» Supplied information

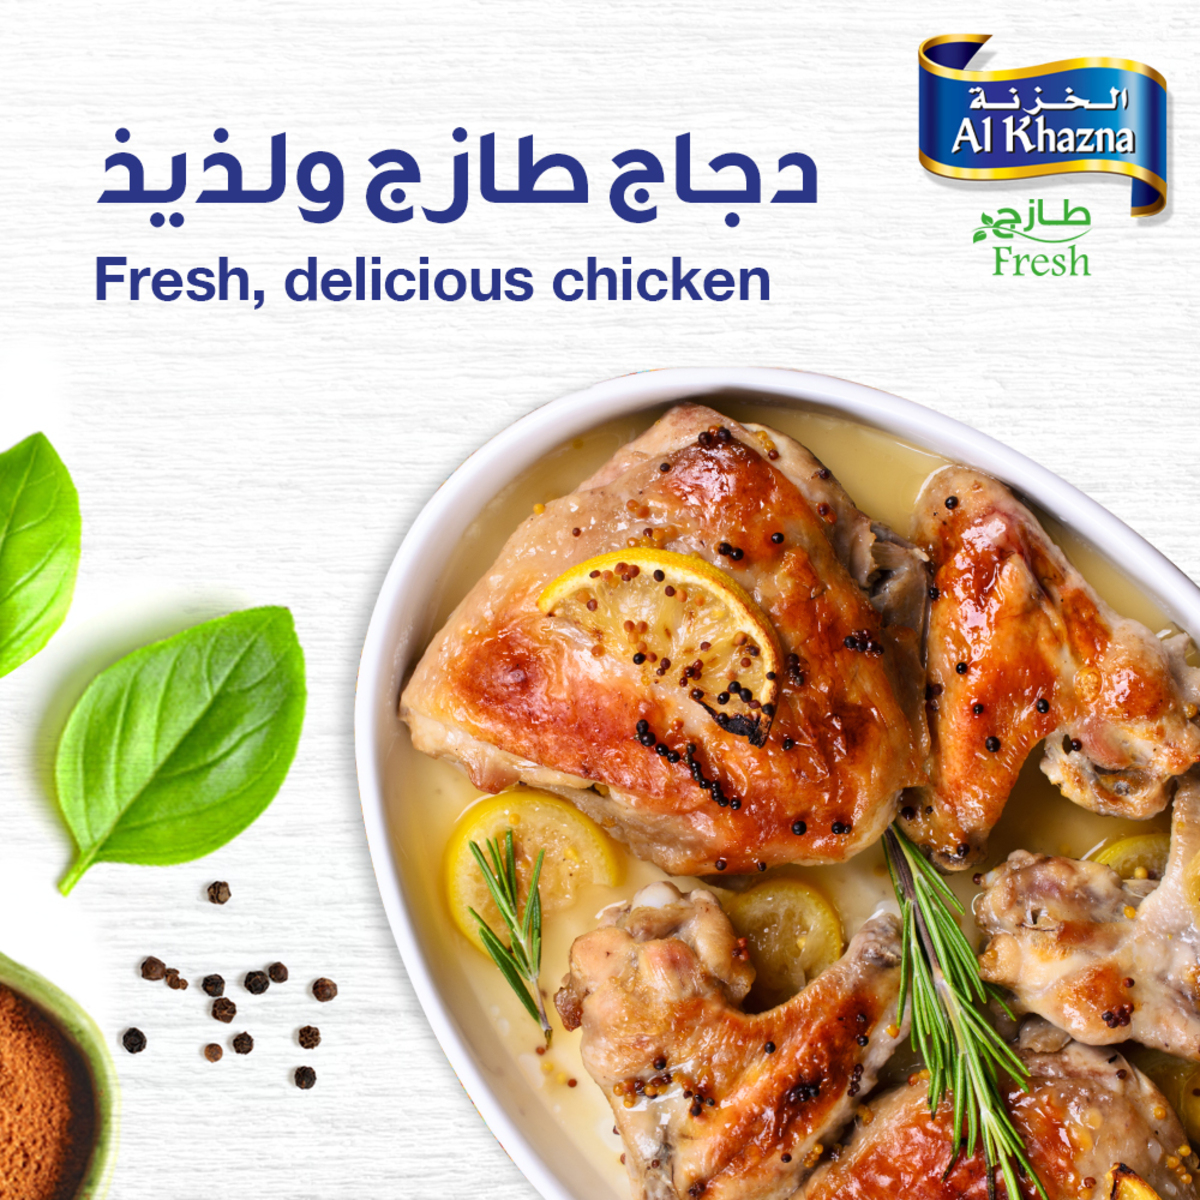 Al Khazna Fresh Chicken Mix Parts 1 kg
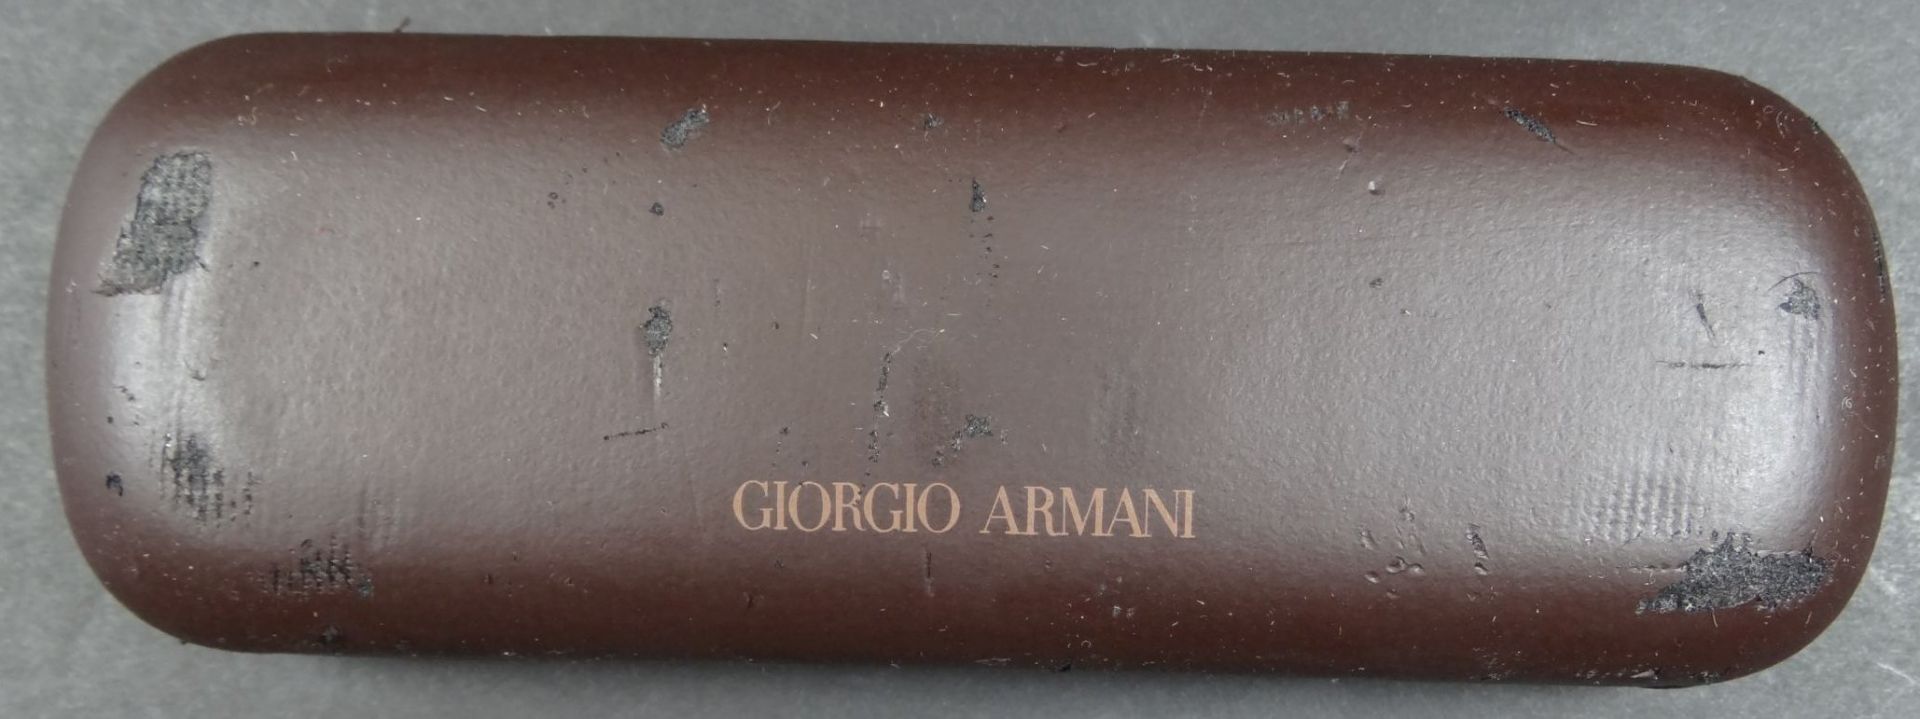 Brille in Etui "Giorgio Armani", Alters-u. Gebrauchsspuren - Bild 2 aus 7
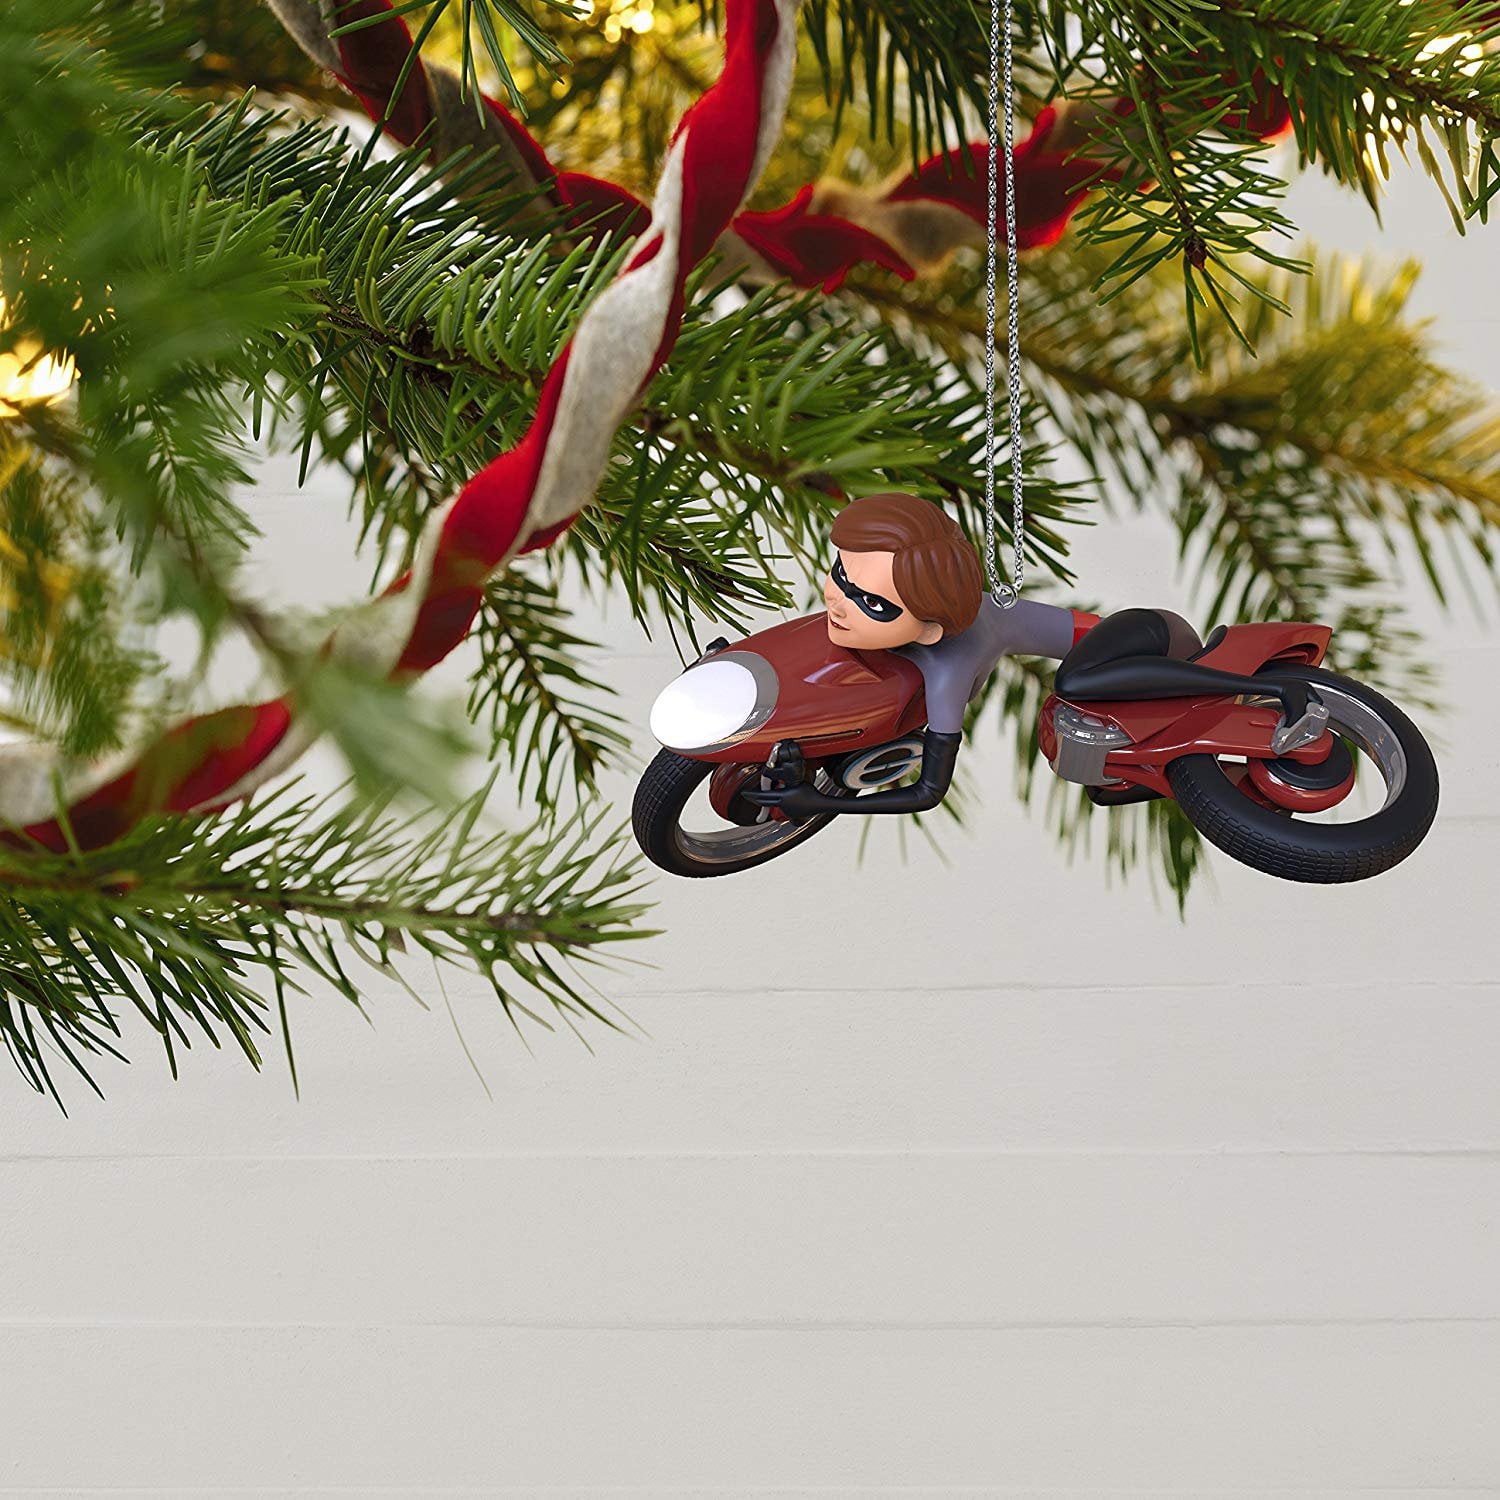 Incredibles 2 Elastigirl Disney Pixar Rides Again FIgurine Hallmark Keepsake Christmas Ornament 2018 Year Dated 
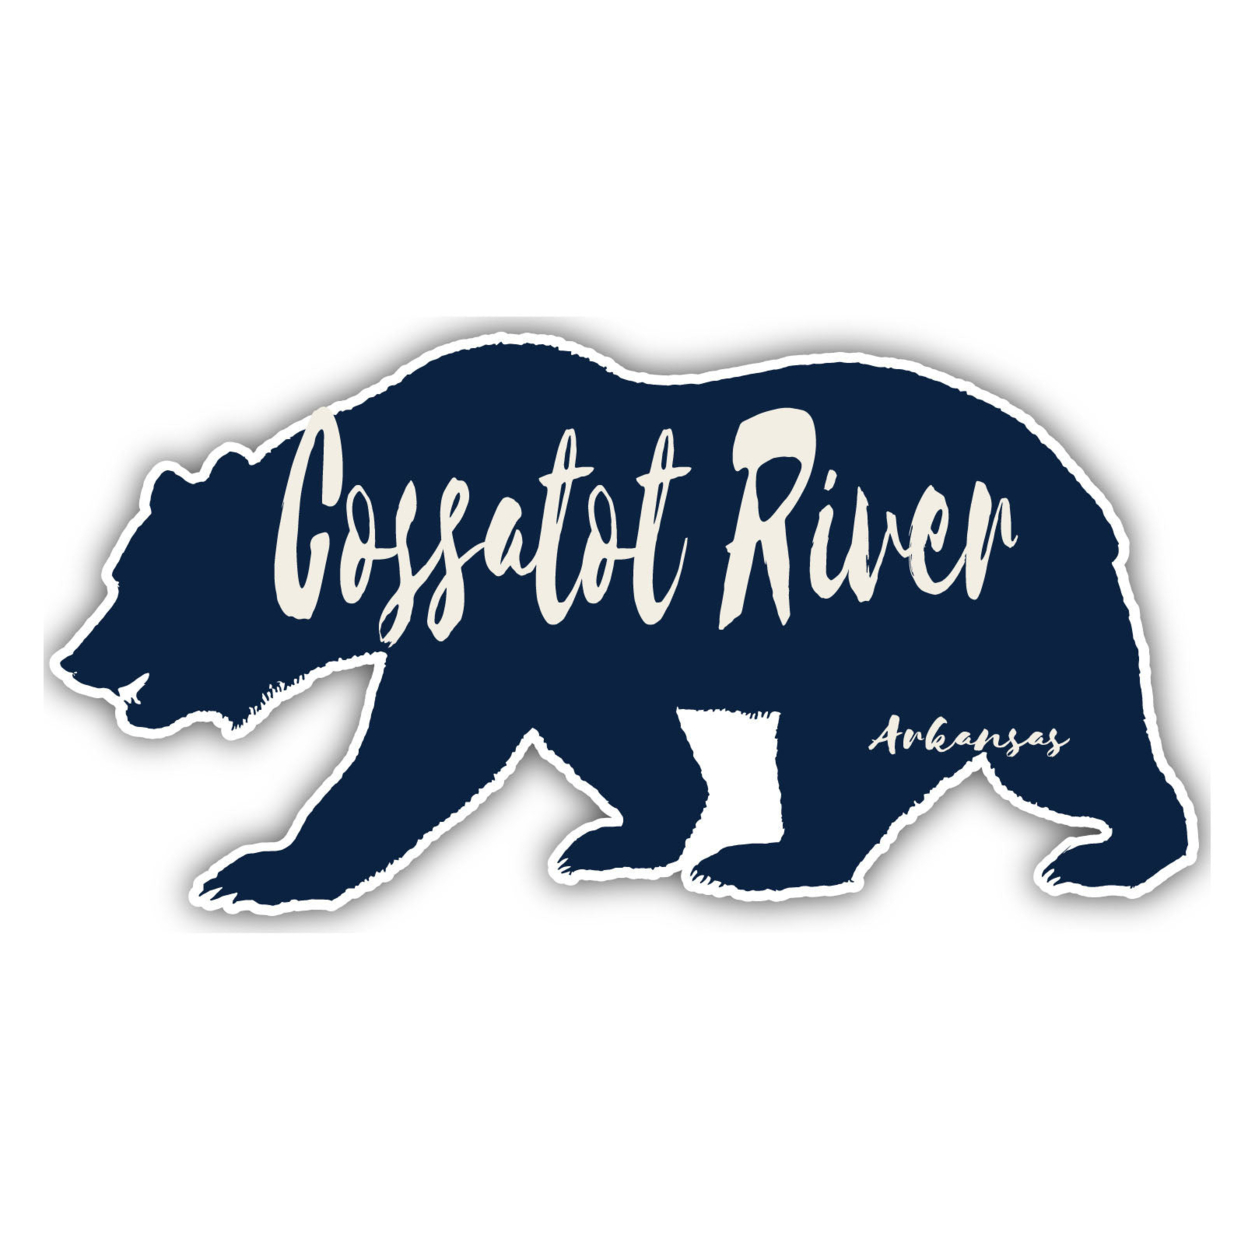 Cossatot River Arkansas Souvenir Decorative Stickers (Choose Theme And Size) - 4-Pack, 2-Inch, Bear

» Work to be completed
All of the material above is to be retyped exactly, with no pictures included.

» Final answer
 Al Khazna Fresh Chicken Mix Parts 1 kg
 Brille in Etui "Giorgio Armani", Alters-u. Gebrauchsspuren - Bild 2 aus 7
 Incredibles 2 Elastigirl Disney Pixar Rides Again FIgurine Hallmark Keepsake Christmas Ornament 2018 Year Dated 
 Cossatot River Arkansas Souvenir Decorative Stickers (Choose Theme And Size) - 4-Pack, 2-Inch, Bear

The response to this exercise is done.